* **DATA BLOCK**
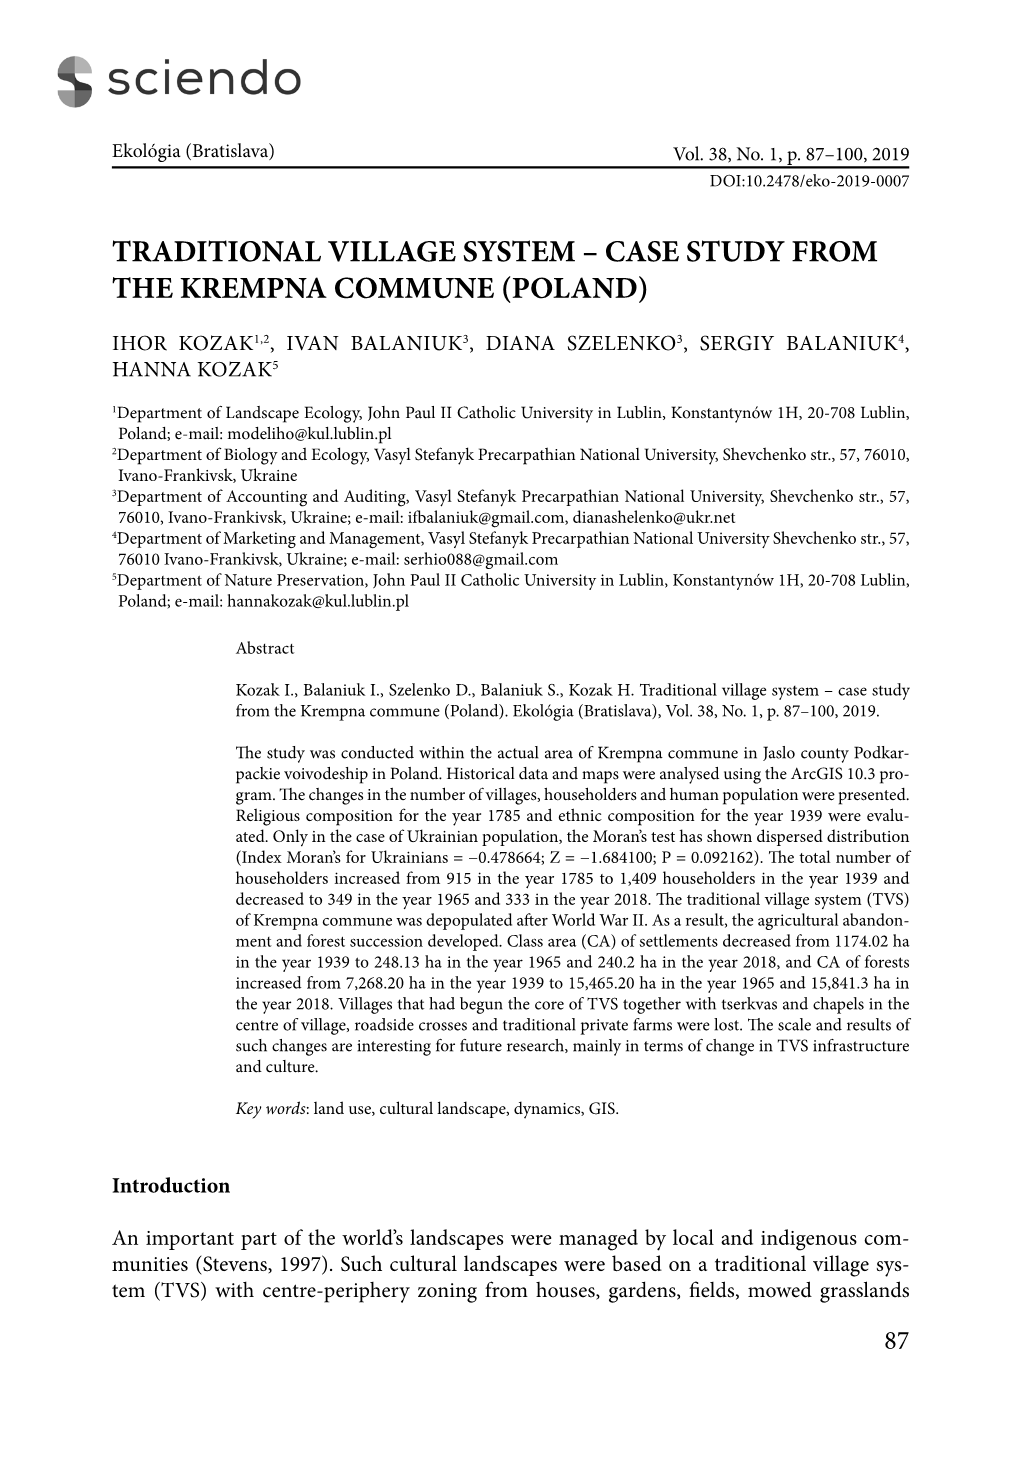 Traditional Village System – Case Study from the Krempna Commune (Poland)
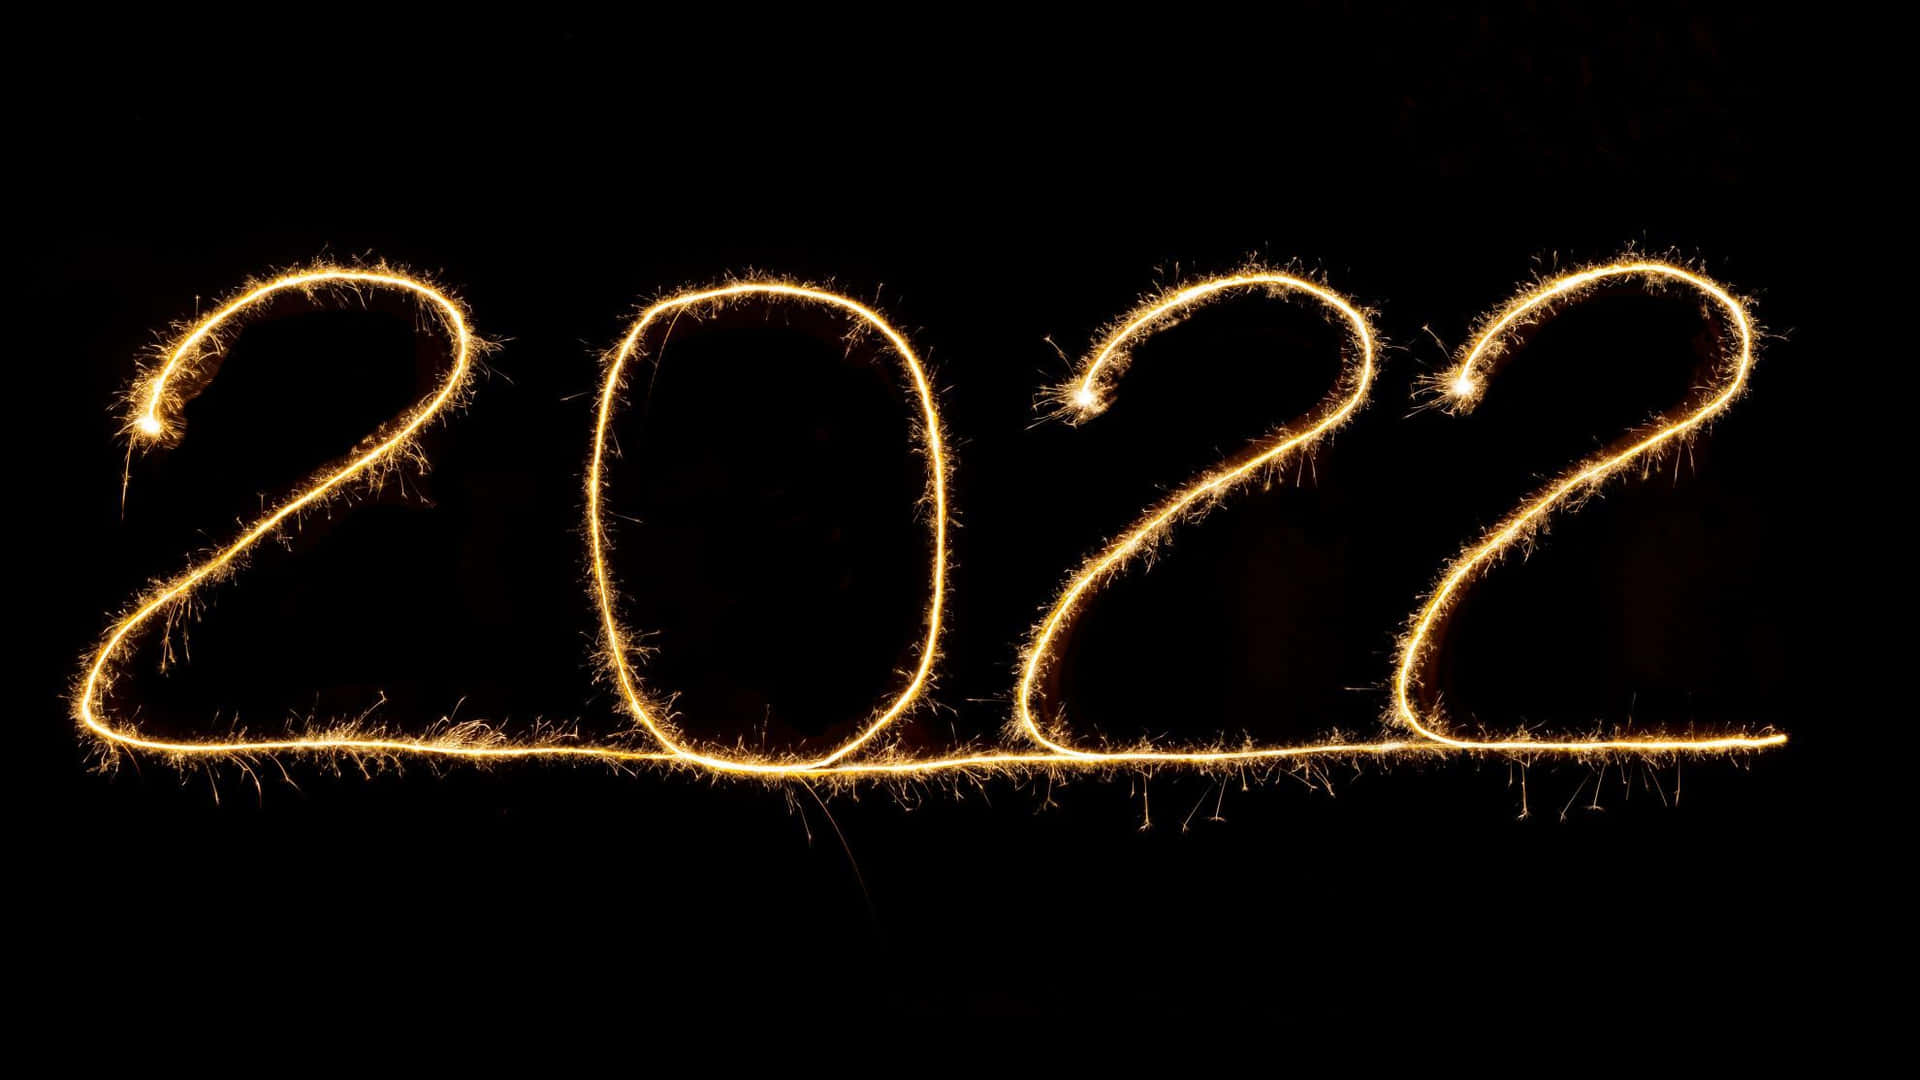 Celebrating 2022: An Elegant Display of Fireworks Illuminating the Night Sky
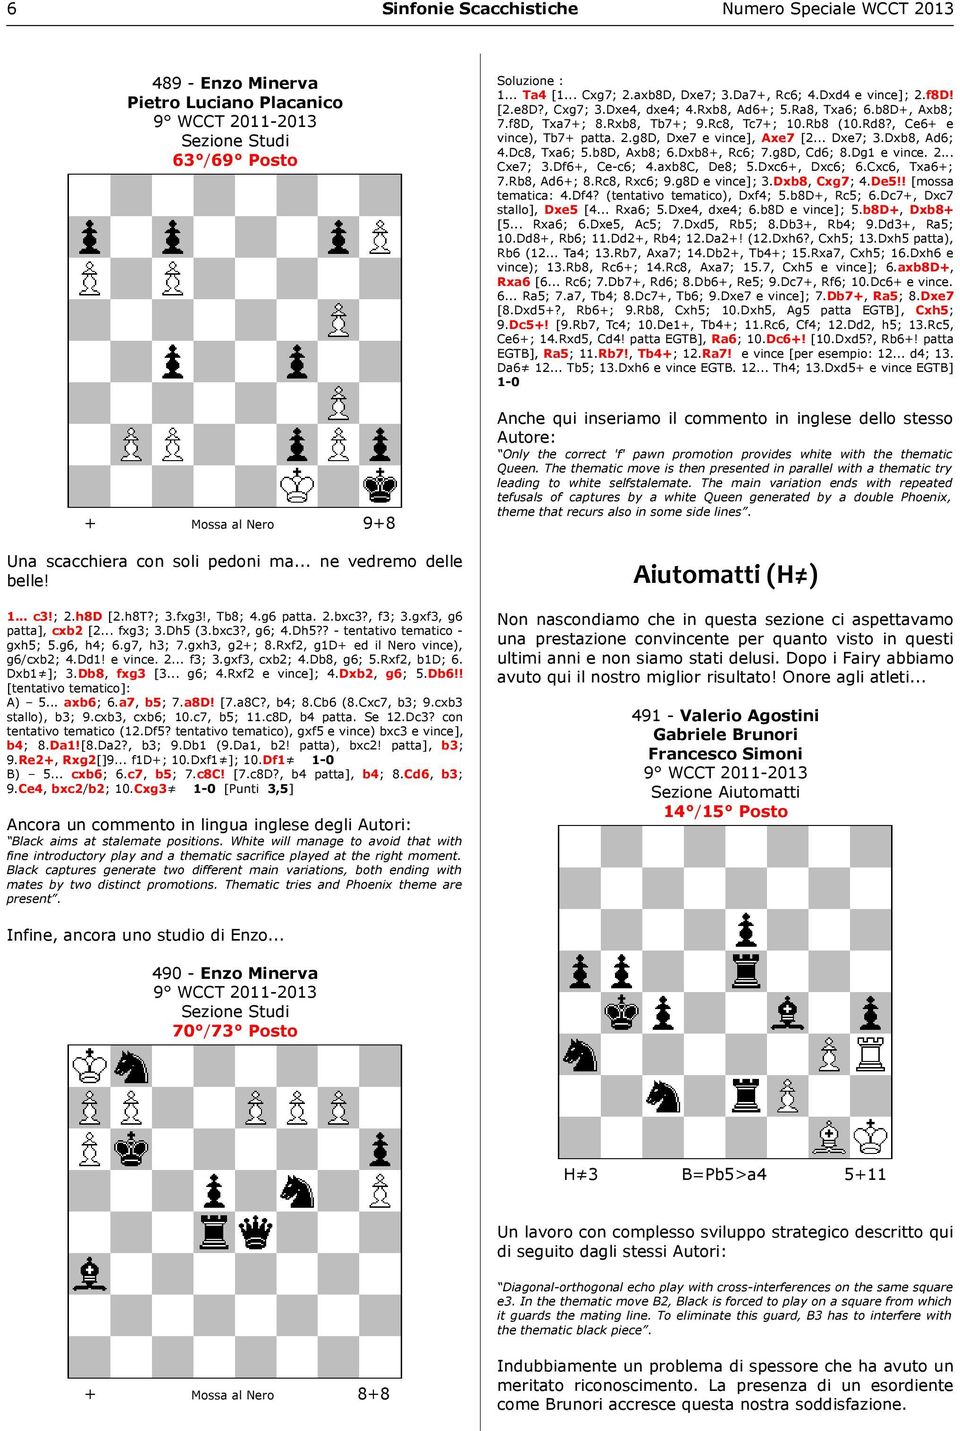 Rxf2, g1d+ ed il Nero vince), g6/cxb2; 4.Dd1! e vince. 2... f3; 3.gxf3, cxb2; 4.Db8, g6; 5.Rxf2, b1d; 6. Dxb1 ]; 3.Db8, fxg3 [3... g6; 4.Rxf2 e vince]; 4.Dxb2, g6; 5.Db6!! [tentativo tematico]: A) 5.

* **TASK OBJECTIVE**
The answer is every line of the data, exactly as written, with the pictures dropped.

* **YOUR RESPONSE**
 Traditional Village System – Case Study from the Krempna Commune (Poland)
 Celebrating 2022: An Elegant Display of Fireworks Illuminating the Night Sky
 Rxf2, g1d+ ed il Nero vince), g6/cxb2; 4.Dd1! e vince. 2... f3; 3.gxf3, cxb2; 4.Db8, g6; 5.Rxf2, b1d; 6. Dxb1 ]; 3.Db8, fxg3 [3... g6; 4.Rxf2 e vince]; 4.Dxb2, g6; 5.Db6!! [tentativo tematico]: A) 5.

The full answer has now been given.